The Pennsylvania Supreme Court recently gave Sun readers something new to worry about as regards estate planning. A good estate plan typically includes a will, an advance directive (which is also known as a "living will") and a durable power of attorney. A power of attorney allows you (the "principal") to appoint someone you trust (the "agent") to make decisions for you in the event you become incapacitated. Generally, a power of attorney becomes effective when the person making the power of attorney suffers some health problem that prevents him or her from making sound decisions, doing banking, or paying bills, among other duties. While some banks have required a letter or statement from a doctor confirming that the principal has become incapacitated before the bank will honor the document, most banks have honored a power of attorney if it has been properly executed.
That's all changed. In December, 2010, the Pennsylvania Supreme Court issued a ruling in the case of Vine v. State Employees' Retirement Board, which has far reaching implications regarding whether powers of attorney will be honored in the immediate future.
By way of background, Pennsylvania law states that if a third party, like a bank, relies on a written power of attorney, then that third party is protected from claims by the principal that his or her agent acted improperly. In other words, the statute encourages banks and other third parties to rely on agents acting with powers of attorney. Moreover, the law imposes liability on any third party who does not follow the instructions of an agent, unless the third party has reasonable cause to ignore those instructions.
As an example, suppose the principal executes a power of attorney naming her daughter as "agent." The document becomes effective if the principal becomes incapacitated. (This is traditionally referred to as a "springing" power of attorney, because it "springs" into effect if the principal becomes incapacitated). Principal then suffers a stroke. Agent then has the authority to handle principal's finances, write checks from her accounts, manage her money and real estate, deal with her doctors, and do anything else the principal has set forth in the document. Now, let's suppose that the agent isn't very nice, and she takes the power of attorney to the principal's bank, withdraws $100,000.00, and loses it at the dog races. If the principal recovers her faculties, and sues the bank on the grounds that it should not have given the money to the agent, the bank would have had immunity from that action, because the bank properly relied on the power of attorney. The principal bears the risk that her agent is not dishonest or trustworthy, not the bank.

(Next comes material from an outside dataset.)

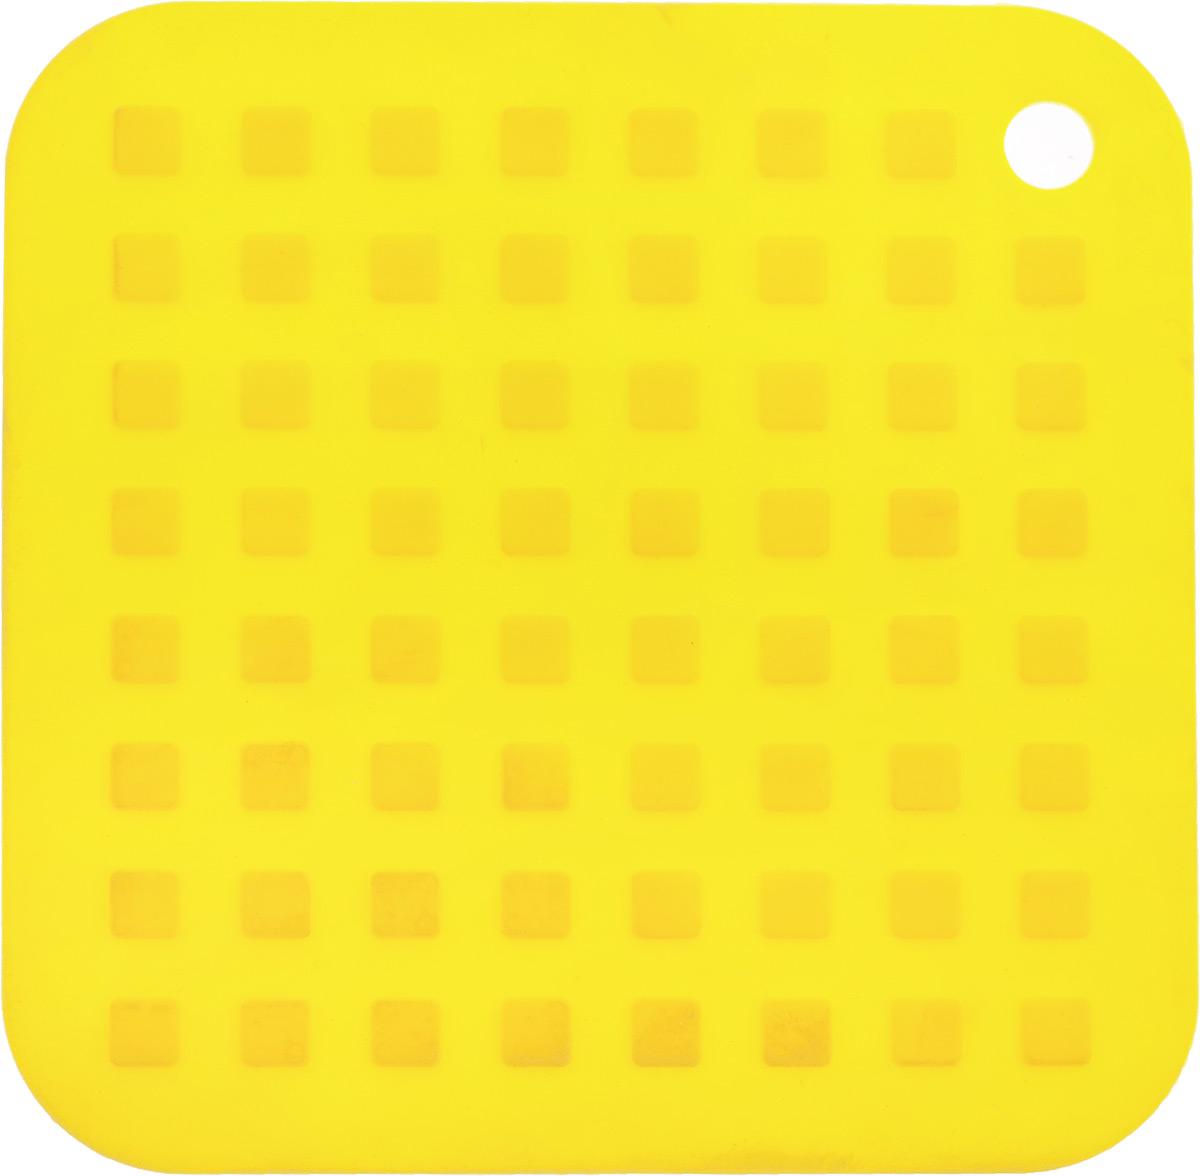 Подставка под горячее Mayer & Boch, силиконовая, цвет: желтый, 16 х 16 см22084Подставка под горячее Mayer & Boch изготовлена из силикона и оформлена рельефом в виде квадратов. Материал позволяет выдерживать высокие температуры и не скользит по поверхности стола. Каждая хозяйка знает, что подставка под горячее - это незаменимый и очень полезный аксессуар на каждой кухне. Ваш стол будет не только украшен яркой и оригинальной подставкой, но и сбережен от воздействия высоких температур.

However, in Vine v. State Employees' Retirement Board, the Supreme Court ruled that there is no third party immunity if the power of attorney itself is not valid. This presents a real problem for all those "third parties," like banks. The problem is that a power of attorney is not valid if the principal is not legally competent when he or she signs it. Furthermore, a power of attorney can be revoked at any time by a competent individual. It is essentially impossible for any third party to know whether a principal was competent when the power of attorney was signed. Similarly, there is no way to know whether a power of attorney has been revoked, if the agent has the original power of attorney to show to bankers, or stock brokers, or other third parties. The Supreme Court's ruling now effectively requires that the third parties verify that the principal was competent when the power of attorney was drafted and that the principal has not revoked it. Basically, that's an impossible task, and raises the possibility that banks and other third parties will no longer honor powers of attorneys.

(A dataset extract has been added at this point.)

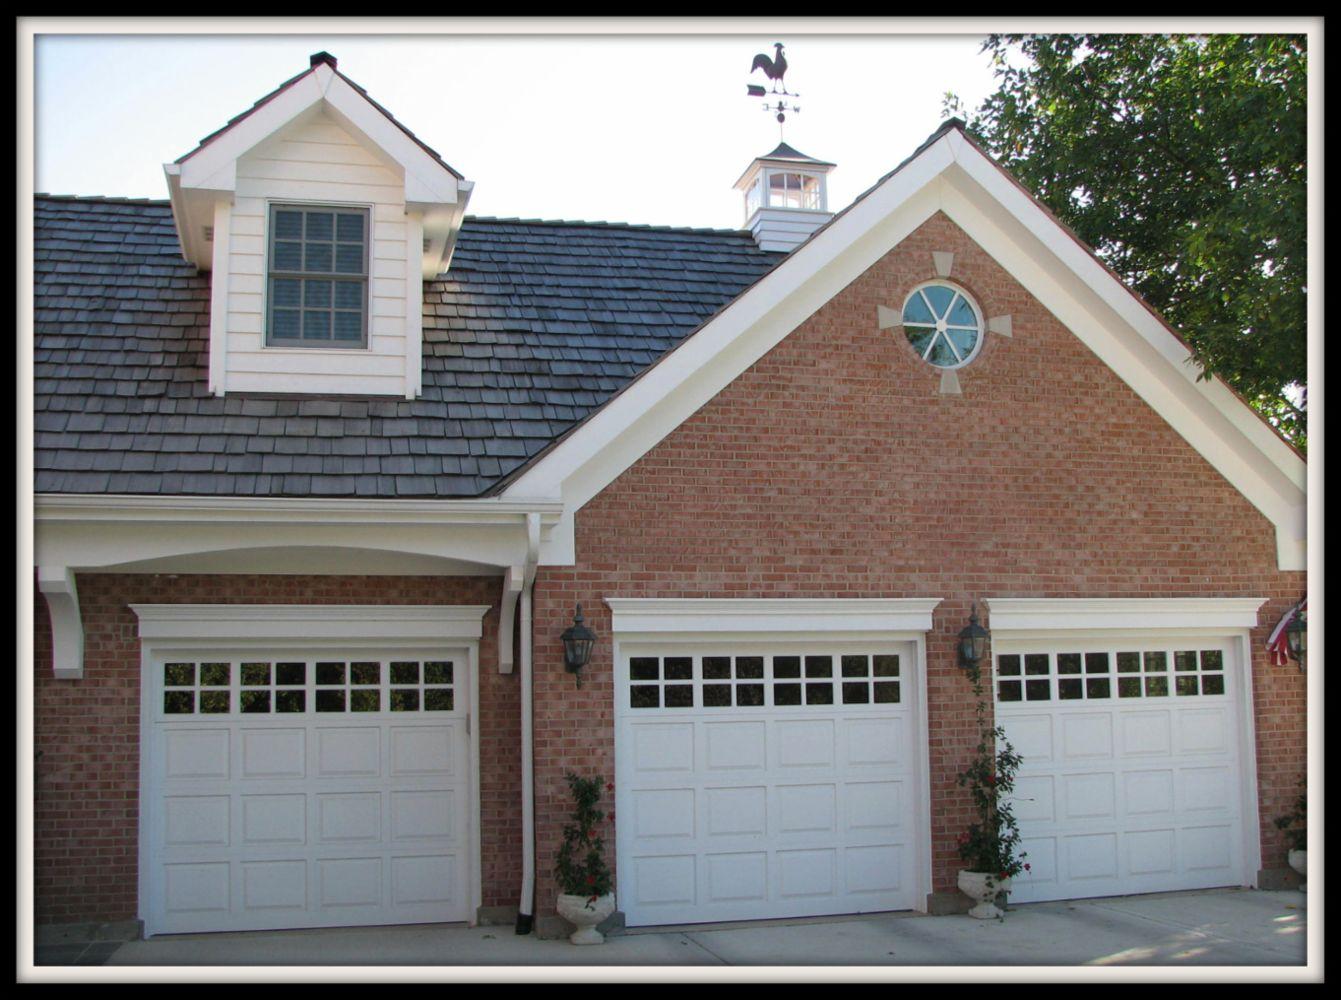 Garage door repair installation in chandler az 5stars for Garage door repair chandler az

There is an old adage in the legal community that "bad facts make bad law." This may be the case in Vine. In a nutshell, Teresa Vine had been a long-time employee of the Commonwealth. She was badly hurt in a car crash, then suffered a stroke. After the stroke, her husband presented a power of attorney to the State Employee Retirement System, and based on the power of attorney, he withdrew her total accumulated deductions that she paid, and made other elections regarding how her remaining money was to be paid out. Subsequently, while Mrs. Vine remained a paraplegic, she regained her mental capacities. Her husband divorced her, and that is when she discovered what he had done. She had no memory of executing the power of attorney in favor of her husband, which was signed with an "x" and allegedly completed shortly after Mrs. Vine's accident. The Supreme Court ruled that Mrs. Vine could not have validly executed the power of attorney because of her injuries, and therefore the document was invalid. It ruled that the State Employees Retirement System should not have relied on the document and distributed the money to Mrs. Vine's then-husband. The Court sent the case back to SERS for further action.

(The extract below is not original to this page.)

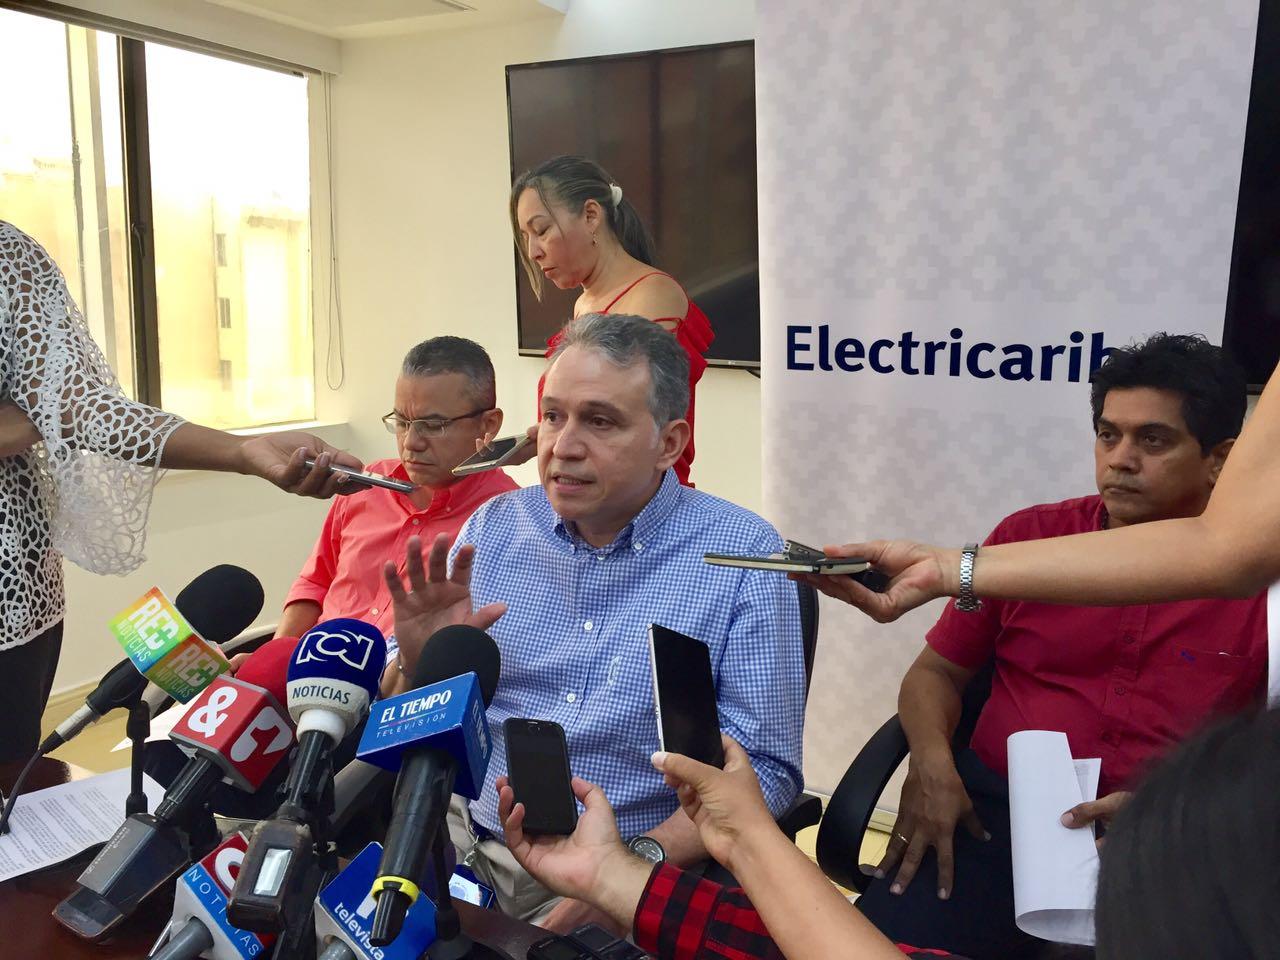 Contraloría pone la lupa en Electricaribe por escándalo de desfalco en subsidios

What does this mean for those who have executed powers of attorneys naming spouses, children, or friends as our agents in the event of a health problem? It is too soon to tell, but there are a few steps that you should take now: First, speak with your bankers or financial advisors. Ask them what their power of attorney policies are, or if those policies have changed since the Vine case was decided. Secondly, find out whether each institution has their own unique form that they will require in light of Vine. Third, make sure you know your bankers and brokers well. Also, introduce the person or persons you name as your agents to your banker or broker so they may get to know each other. If your power of attorney is a "springing" power, ask what evidence the bank will require of the agent to prove your incapacity.
The Supreme Court's decision will result in a good deal of additional court battles. The legislature may need to amend the statute to make clear how the immunity intended to be provided to third parties is supposed to work. In the meantime, good communication with your bankers, brokers, and financial planners is the best course of action.